4. On behalf of the public counsel, the commission shall render a statement of such assessment to each such public utility on or before July first and the amount so assessed to each such public utility shall be paid by it to the director of revenue in full on or before July fifteenth next following the rendition of such statement, except that any such public utility may at its election pay such assessment in four equal installments not later than the following dates next following the rendition of such statement, to wit: July fifteenth, October fifteenth, January fifteenth, and April fifteenth. The director of revenue shall remit such payments to the state treasurer.
5. The state treasurer shall credit such payments to a special fund, which is hereby created, to be known as "The Public Counsel Fund", which fund, or its successor fund created under section 33.571, shall be devoted solely to the payment of expenditures actually incurred by the public counsel and attributable to his or her responsibilities under sections 386.700 through 386.715. Any amount remaining in such special fund or its successor fund at the end of any fiscal year shall not revert to the general revenue fund, but shall be applicable to the payment of such expenditures of the public counsel in the succeeding fiscal year and shall be applied by the public counsel to the reduction of the amount to be assessed to such public utilities in such succeeding fiscal year, such reduction to be allocated to each group of public utilities in proportion to the respective gross intrastate operating revenues of the respective groups during the preceding calendar year.
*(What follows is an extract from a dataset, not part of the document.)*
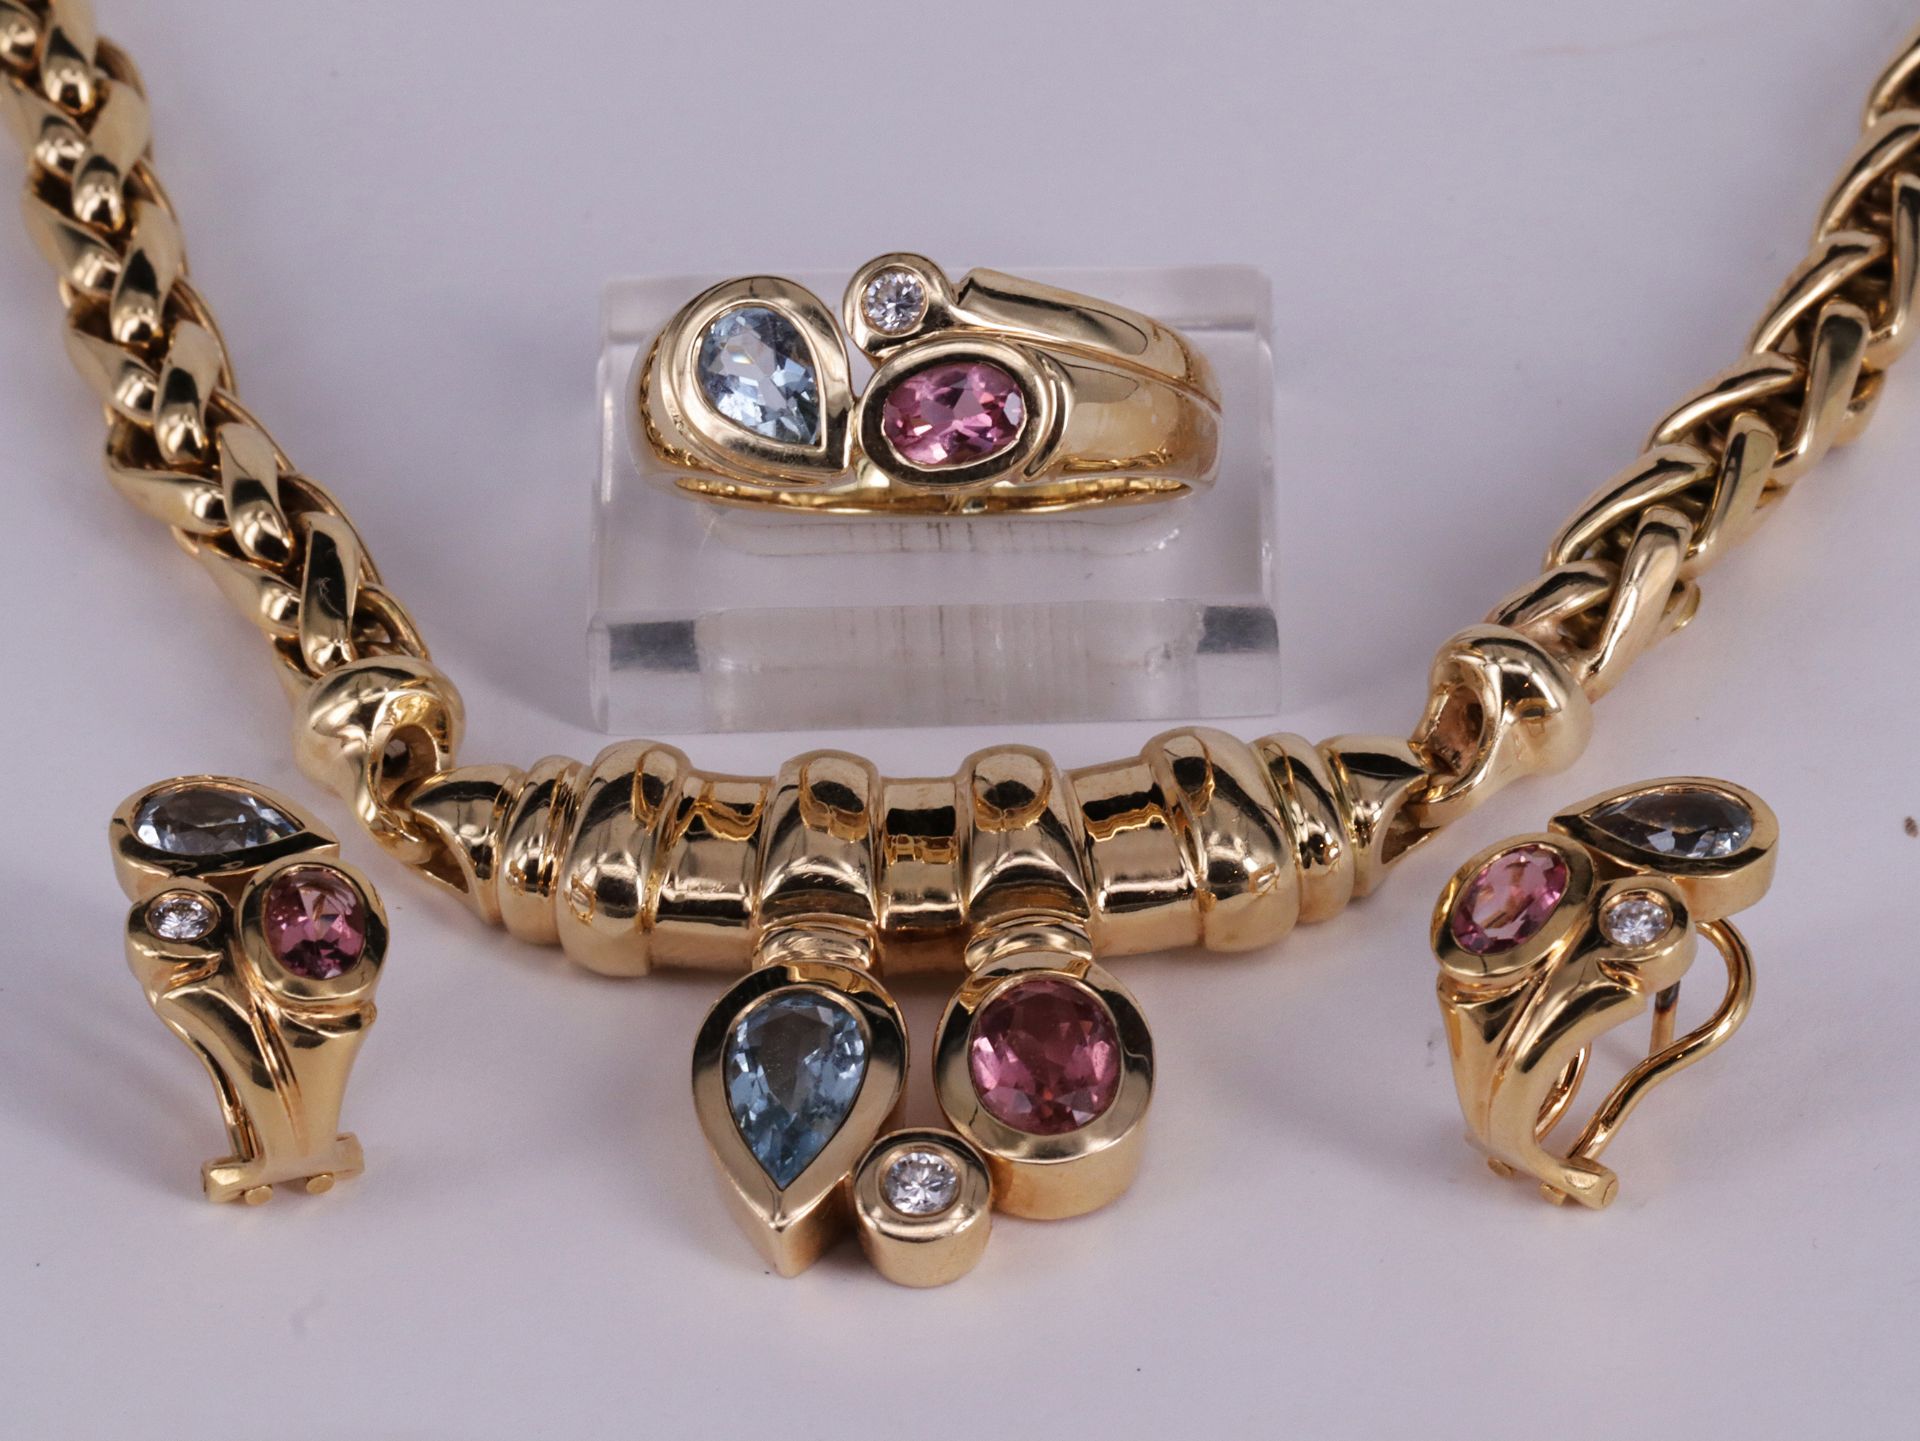 Schmuckset, 585er GG, bestehend aus: Collier, Ring, Paar Ohrringe. Jeweils mit tropfenförmigem

6. In order to enable the public counsel to make the allocations and assessments provided for in this section, each public utility subject to the jurisdiction of the commission shall file with the commission on or before March thirty-first of each year, a statement under oath showing its gross intrastate operating revenues for the preceding calendar year, and if any public utility shall fail to file such statement within the time established in this subsection, the commission shall estimate such revenue. Such estimate shall be binding on such public utility for the purpose of this section.